The Court of Appeal holds that when the consequences of making a protected disclosure are ‘career-ending’ for an individual, tribunals should consider awarding compensation for long-term loss of earnings.
Small v Shrewsbury and Telford Hospitals NHS Trust, Court of Appeal
Mr Small was engaged by the Trust at the age of 56 through an agency, to work on a temporary assignment in the estate management department. He had understood there to be a prospect of full time employment, but two months later his engagement was terminated by the Trust.
He succeeded in his claim that his dismissal was automatically unfair for making a protected disclosure, which related to the existence of asbestos in properties owned by the Trust. At the remedy hearing, Mr Small claimed compensation for loss of earnings up to his anticipated date of retirement, a period of 10 years. This was claimed on the basis that he would otherwise have been given a permanent appointment by the Trust. He also submitted evidence that he had been hampered in his search for alternative employment by the fact of his dismissal and the lack of a reference.
The employment tribunal awarded compensation including a sum for 18 months’ loss of earnings, although it accepted that the termination had been ‘career-ending’ for Mr Small. His appeal to the EAT that compensation for loss of earnings should have been awarded for a longer period of time was rejected. He appealed to the Court of Appeal.
Court of Appeal decision
The Court of Appeal allowed Mr Small’s appeal and remitted it to be reconsidered by the employment tribunal. In the particular circumstances of his case, the tribunal should have considered whether Mr Small had a claim for a longer period of loss, including a claim for the ‘stigma’ he may suffer in the labour market. It was evident (and the tribunal had acknowledged) that the consequences of the termination were ‘career-ending’ for the claimant, so it should have considered whether it was appropriate to award compensation for long-term loss of earnings rather than limiting it to a period of 18 months.

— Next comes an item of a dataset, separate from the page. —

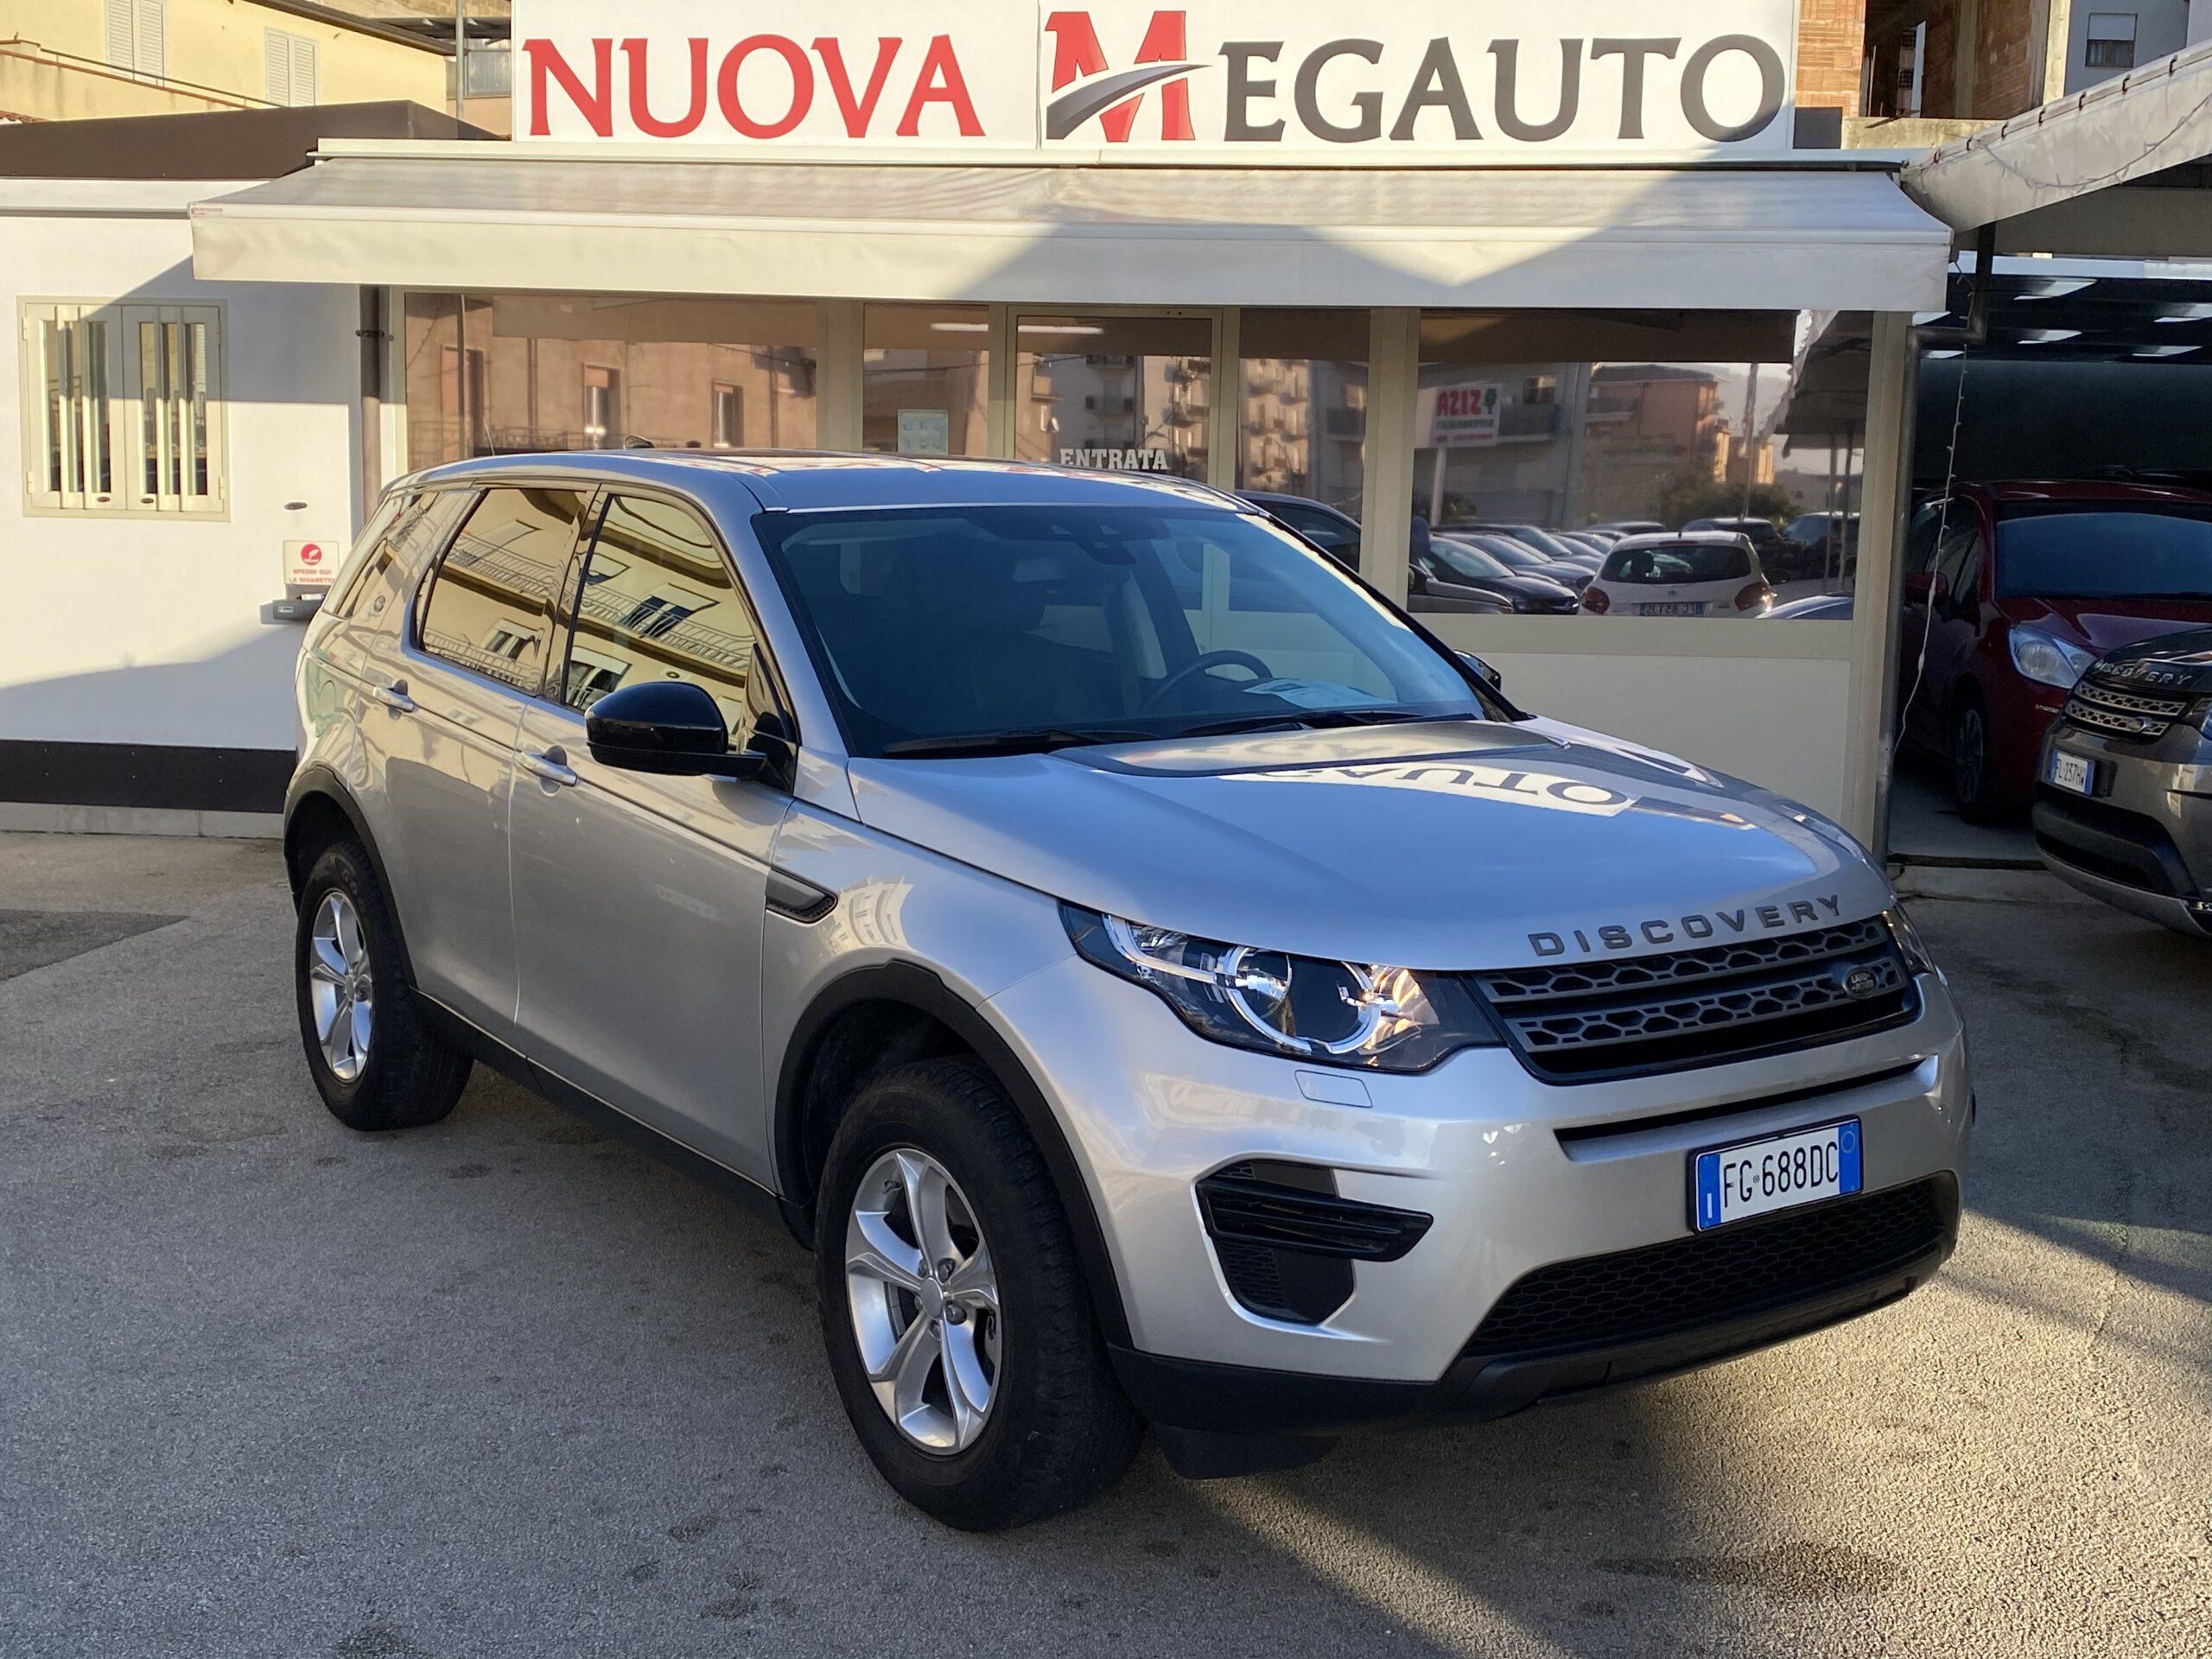 Land Rover Discovery Sport 2.0 TD4 180 CV Auto Business SE 2017
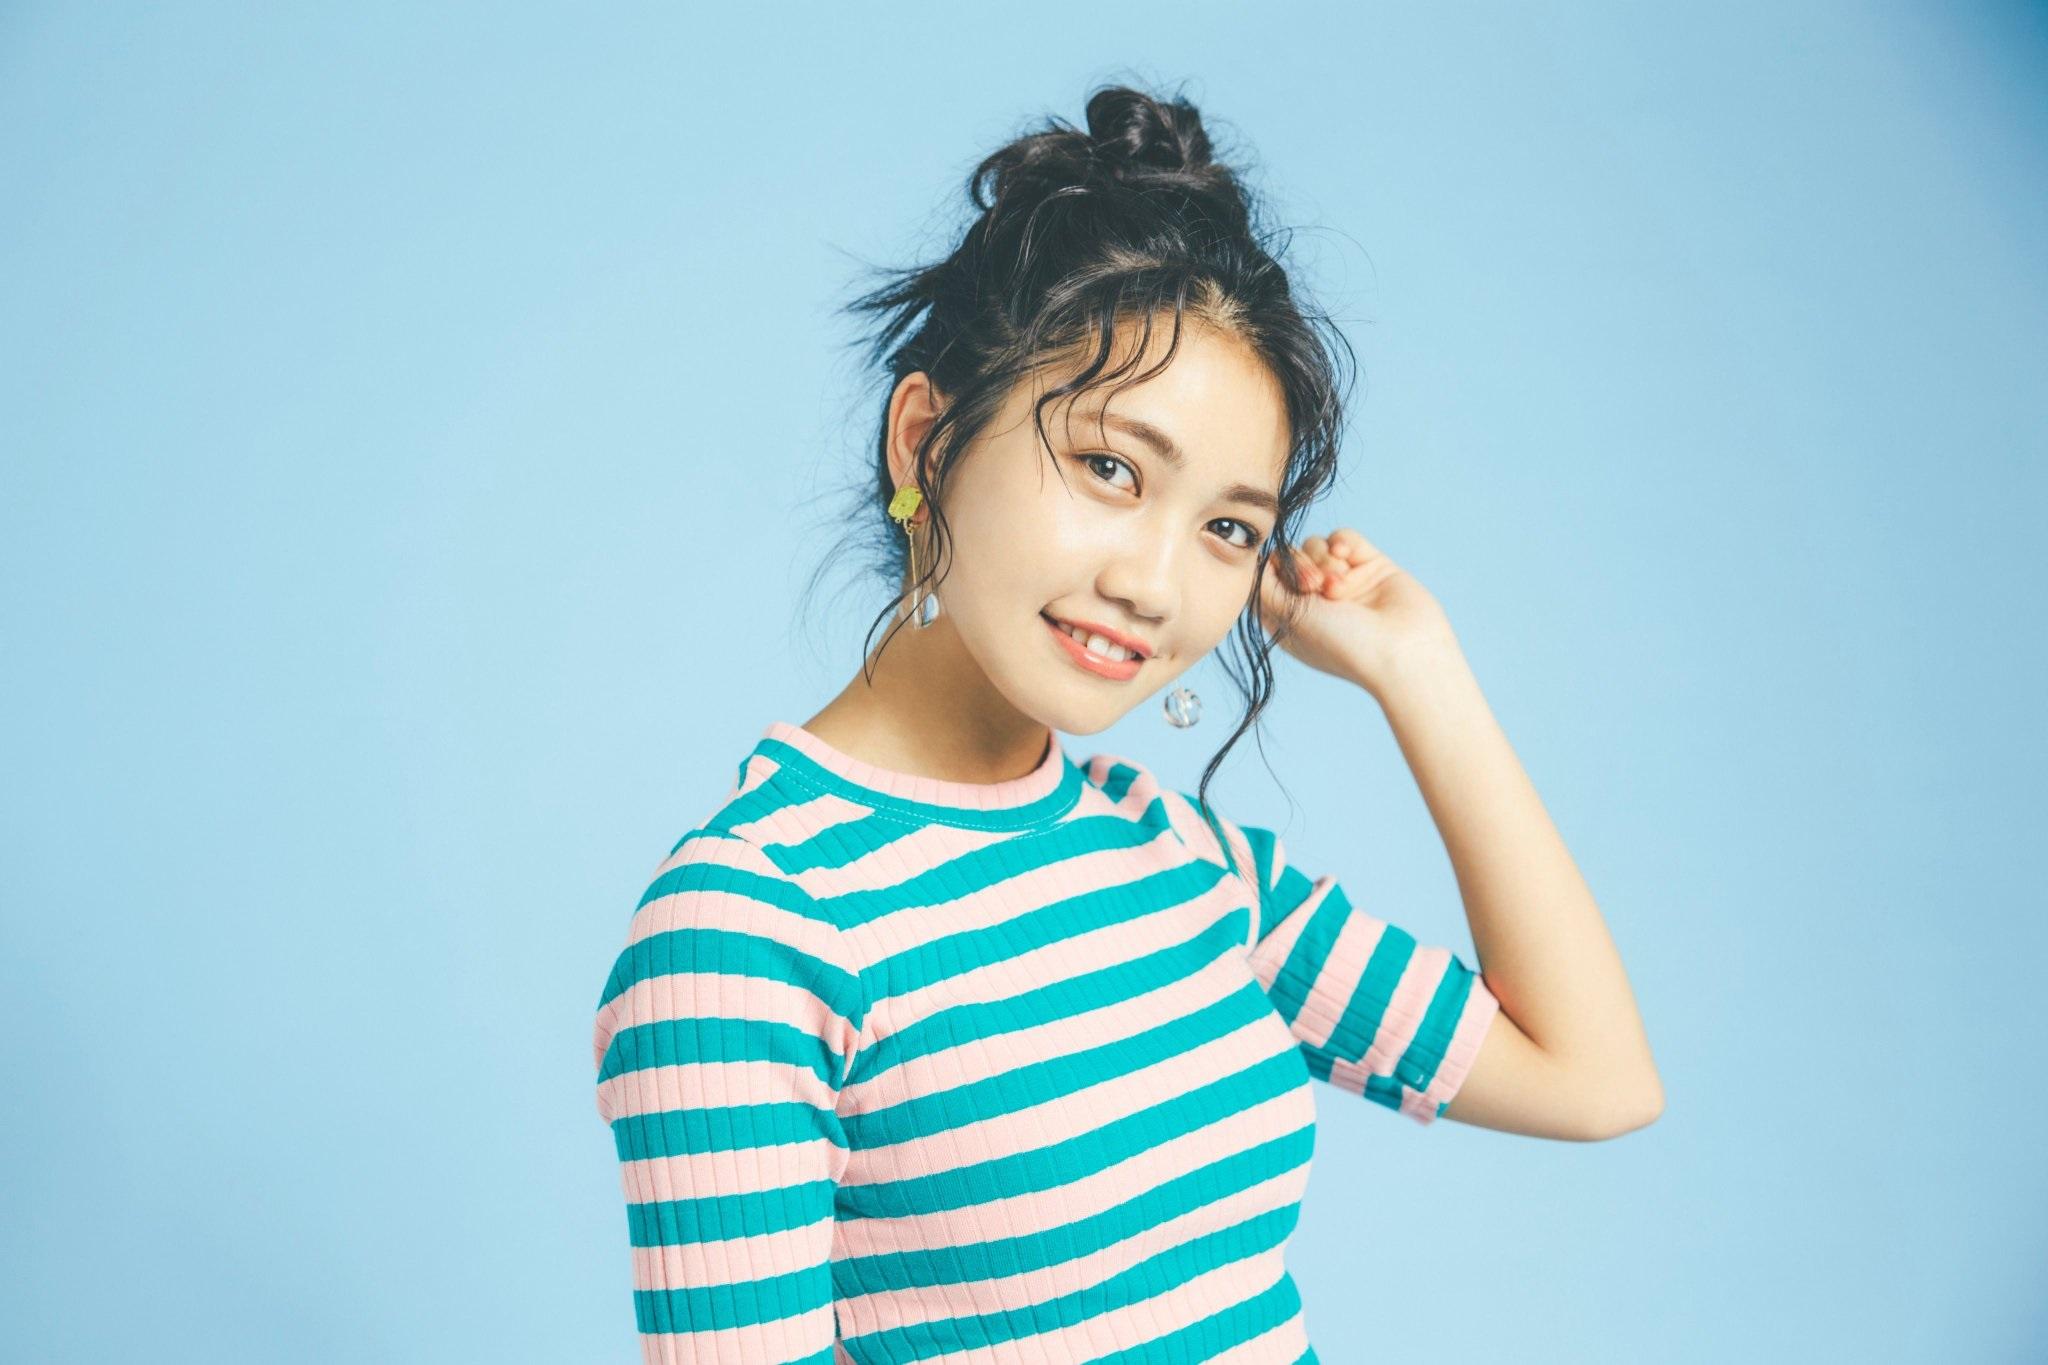 Inoue Sonoko

The ability for a claimant to claim ‘stigma’ damages for loss of earnings suffered as a result of termination was previously confirmed by the Court of Appeal in the case of Chagger v Abbey National plc. In this case, the court was satisfied that it was something the tribunal should have considered, even though it had not been expressly argued by the claimant.
The case serves as a useful reminder of how in whistleblowing cases, the amount of compensation awarded is unlimited and can include significant amounts for future loss of earnings, particularly when the claimant is nearing the later years of their working life.